2の付記 「それであるところのもの」とイデア

 受講生のお一人から「『パイドロス』に、プラタナスπλάτανοςの木陰でソクラテスとパイドロスが対話するシーンがあるが、プラタナスはプラトンの名から来ているのでは?」との質問が出ました。プラタナスの語源は、ギリシア語のπλατύς(プラトゥス:幅広い、広々とした、広く散らばった、肩幅の広い)に由来し、大きな葉の意味から来ているそうです。ディオゲネス・ラエルティオスによれば、プラトンの本名は祖父の名由来のアリストクレスであり、「プラトン」はあだ名であって由来は諸説あるが、一つは「額が広い」ことから来ている(ディオゲネス・ラエルティオス『ギリシア哲学者列伝(上)』(加来彰俊訳、岩波文庫、252ページ)そうで、ご推察通り、プラトンとプラタナスは共通の根っこを持っていますね。

 「『国家』を読んでいて、ソクラテスは随分と人間臭い人だと感じている。善と悪が薄い一枚の裏表になっているような、そんな人なのではないか」とある受講生が、ニーチェを思わせるソクラテス観を披露してくれました。ニーチェは、ソクラテスのことを「怪物」と表現しています(たぶん、『人間的な、あまりにも人間的な』)。

 前回は、模倣(真似)のことで大きく盛り上がった感があります。「本当のオリジナルって、ないのではないかな。芸術は何らかの形で、それまでの人たちの模倣と言ってよいのでは」。「模倣と剽窃の違いを認識することが大事ではないか。歌舞伎などは、型に近づこうと型の持ち主の模倣から入る」。「それであるところのもの、とは何なのでしょうか。料理をレシピで作るとします。レシピを真似して出来上がったとき、それは、それであるところのもの、なのでしょうか」「レシピの真似は剽窃、のほうじゃないか」「日本は真似によって経済的繁栄を遂げてきたが、いまや行き詰まりを見せている。未来に向けた、新しい政治や経済の型を創造することが、いまや求められているのではないか」。

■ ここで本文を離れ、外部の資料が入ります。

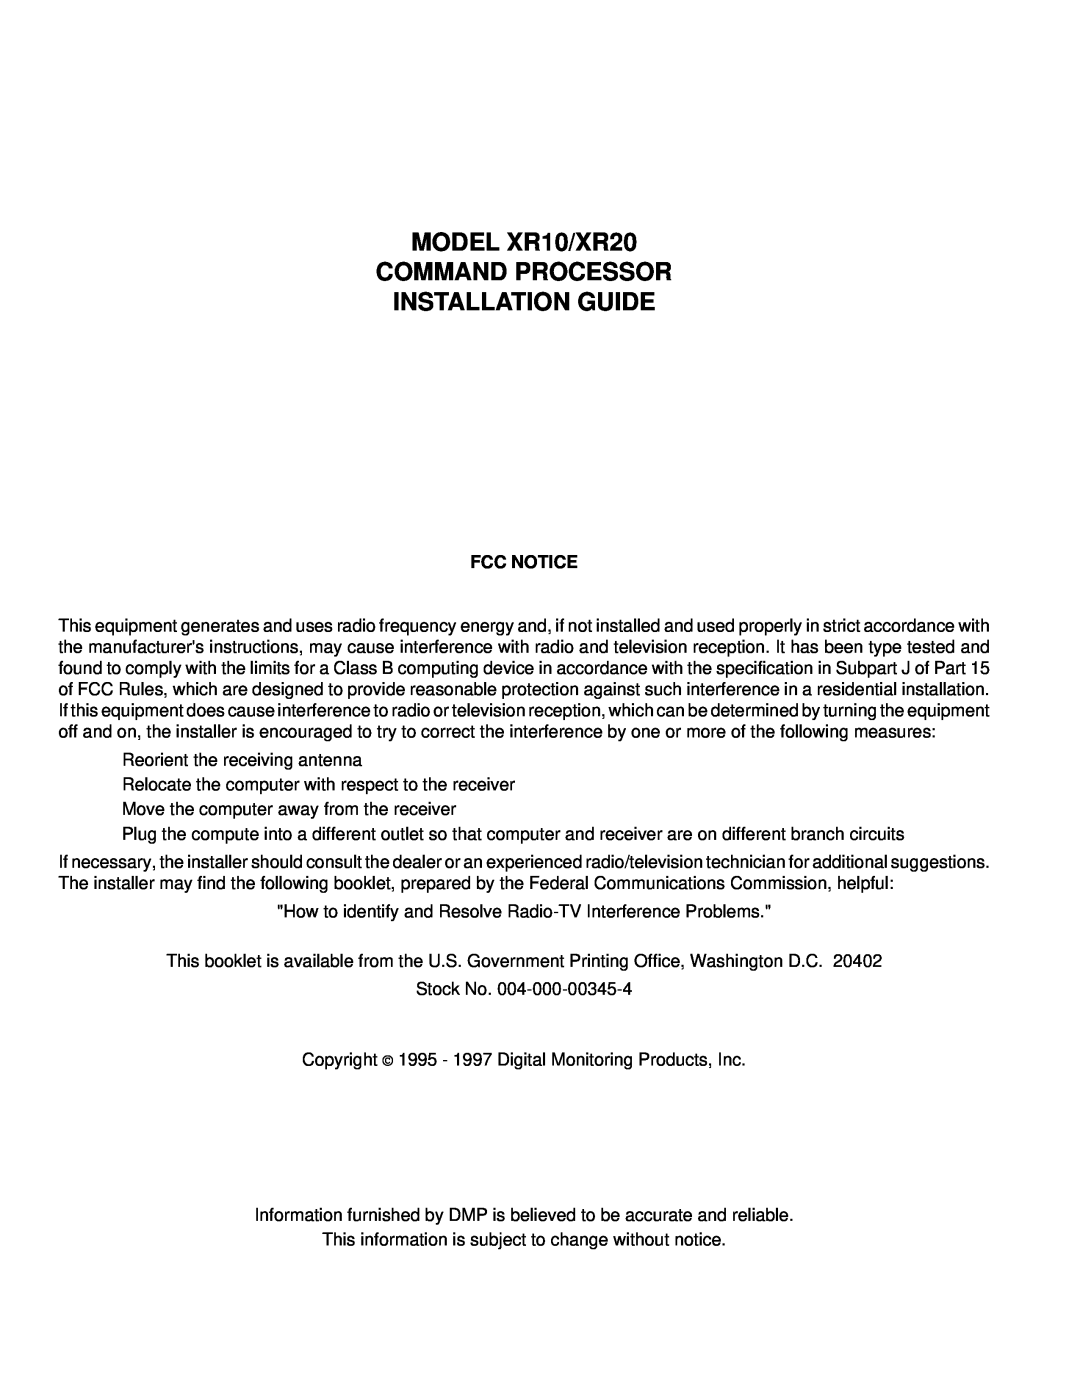 DMP Electronics LT-0229 (5 97) manual MODEL XR10/XR20 COMMAND PROCESSOR, Installation Guide, Fcc Notice

 さて、議論のあった「それであるところのもの」とは、プラトンのイデアに通じる究極の「型」なのではないでしょうか。レシピにからめて、ここでは、話題の旭酒造の酒「獺祭」を例にとりましょう。

 経営が傾いて杜氏に見限られた山口県のこの酒蔵は、杜氏と蔵人による伝統的な酒造りをあきらめ、「社員だけの酒造り」という新しい発想の日本酒造りに挑戦しました。杜氏の感によって行われてきた醪(もろみ)を圧縮濾過して清酒と清酒粕に分離する作業に遠心分離機を導入し、さらに香りを逃がさないために冷温瓶方式も導入、明確な温度管理によって高度の機械化を実現したのです。

 手作業も大切にはしていますが、経験と勘に支えられてきた酒造りのレシピを、機械技術によるステップに置き換え、味のぶれない均質な人気商品を生み出すことに成功しています。旭酒造社長が抱いた「だれもが感じるおいしい酒」のイメージ、すなわち、イデアが、機械を動かすある種の「情報列」として現実化されたといってよいでしょう。
 
 AGTCの四つの記号からなる情報列DNAによって「存在化」され、コピー(複製)によって増殖する私たち人間は、どうなのでしょうか。情報列DNAは、人間作りのレシピ、すなわち人間を現実化する一つのイデアである、と言えることになりますか?